These clubs have had more iconic managers, teams built with more idealism. This is not Marcelo Bielsa’s Leeds or Vincent Kompany's Burnley. The German will never be as beloved as the Argentinian in the West Riding, but his last three Championship campaigns have yielded 94, 97 and 90 points. At their current rate of progress, Leeds will get 95. Farke has more experience of the nineties than a Britpop tribute band.
Meanwhile, Parker may not follow in the path of his predecessor, swapping Burnley for Bayern Munich as the Belgian did. He may be pigeonholed as a Championship specialist these days, though his time at Club Brugge helped him outwit Miron Muslic - who he encountered when the Bosnian managed Cercle Brugge and walloped 5-0 - when Burnley beat Plymouth last week. Muslic’s tactics had not changed and Parker came prepared.
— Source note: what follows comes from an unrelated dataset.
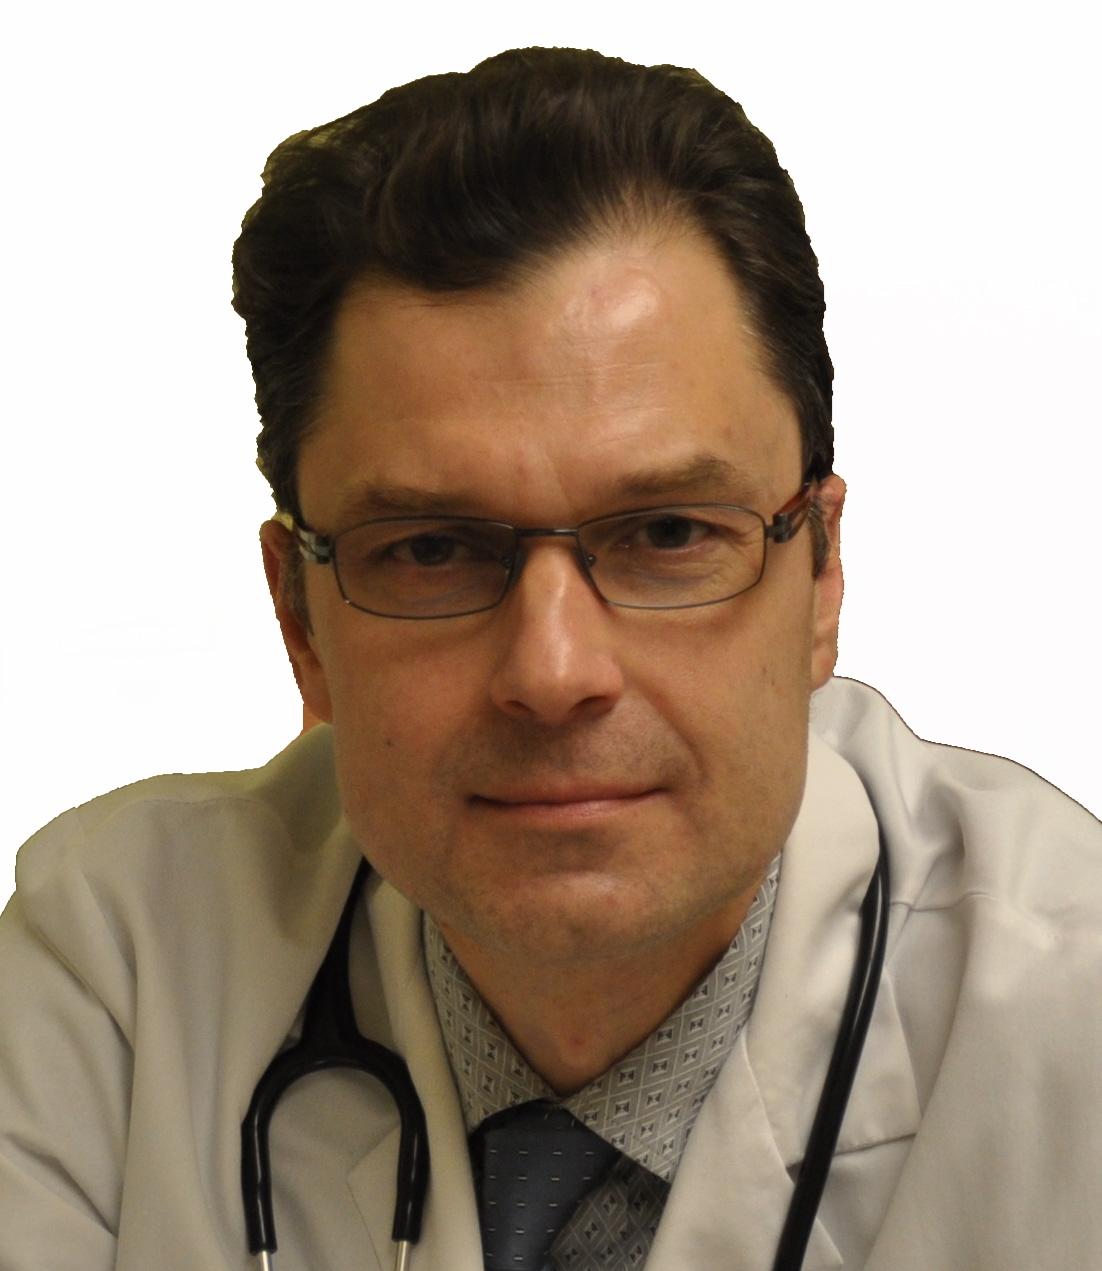 NYU Langone Neurologist - Brooklyn - Queens - New York - NY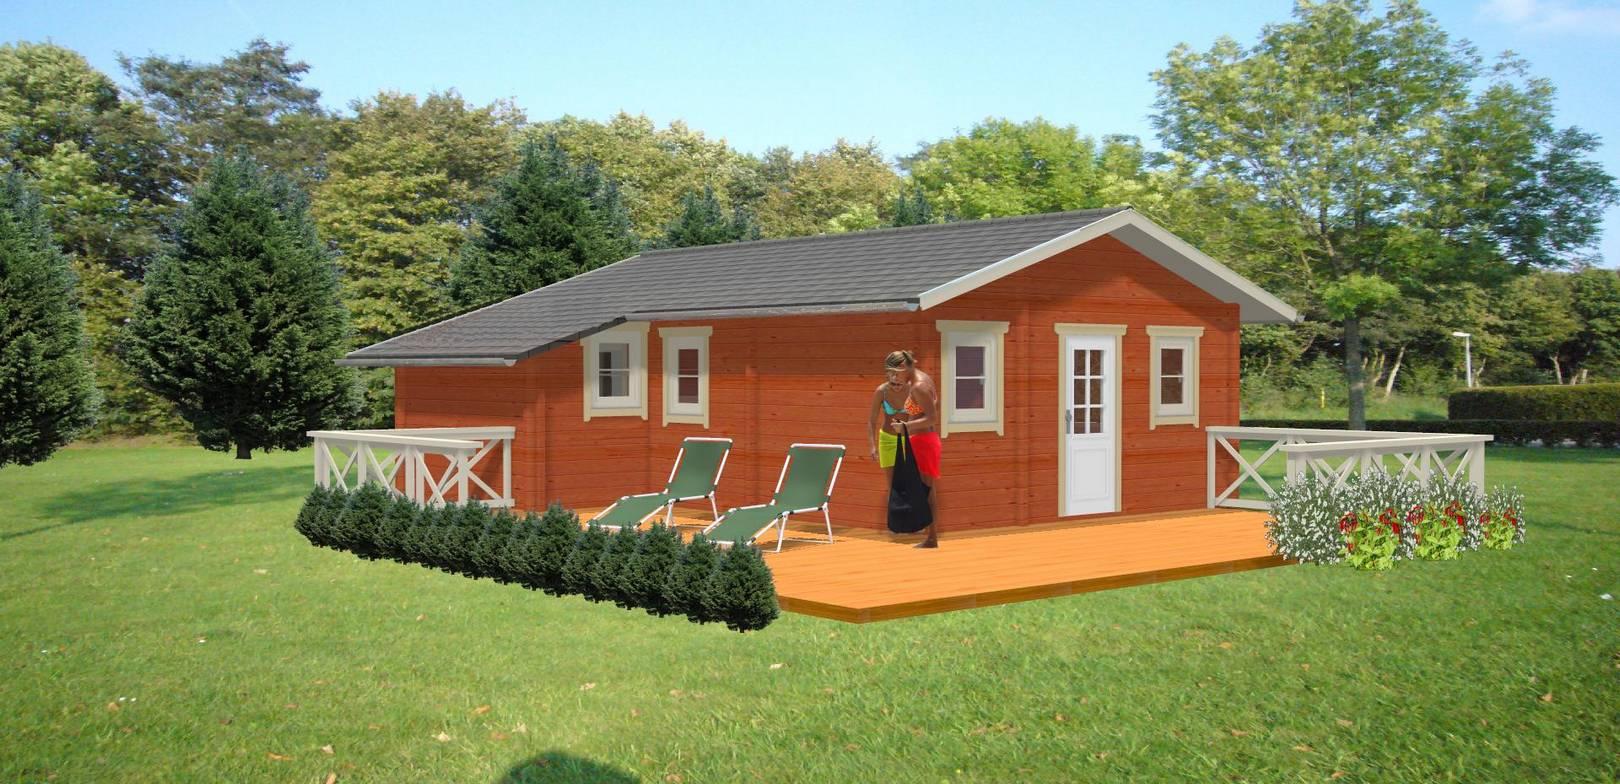 ferienhaus satu im blockhaus stil dr jeschke holzbau. Black Bedroom Furniture Sets. Home Design Ideas

Yet that scoreline was the anomaly, this more familiar. Even a crowd who spent the best part of a decade watching Sean Dyche’s football may have found it uneventful. If Parker has out-Dyched Dyche, it is still a compliment. He had to forge a team on the hoof after an August fire sale. There is a togetherness. “It is a group of men who run out there every time and give absolutely everything,” said Parker.
Burnley have had a trio of games at Turf Moor in January. They have finished 0-0, 0-0 and 0-0. But they are undefeated in 16 games, Leeds in 11. This was hard to watch but each is hard to beat. And for Leeds it was, Farke felt, “a good point on the road”. Unsexy could be good for Farke.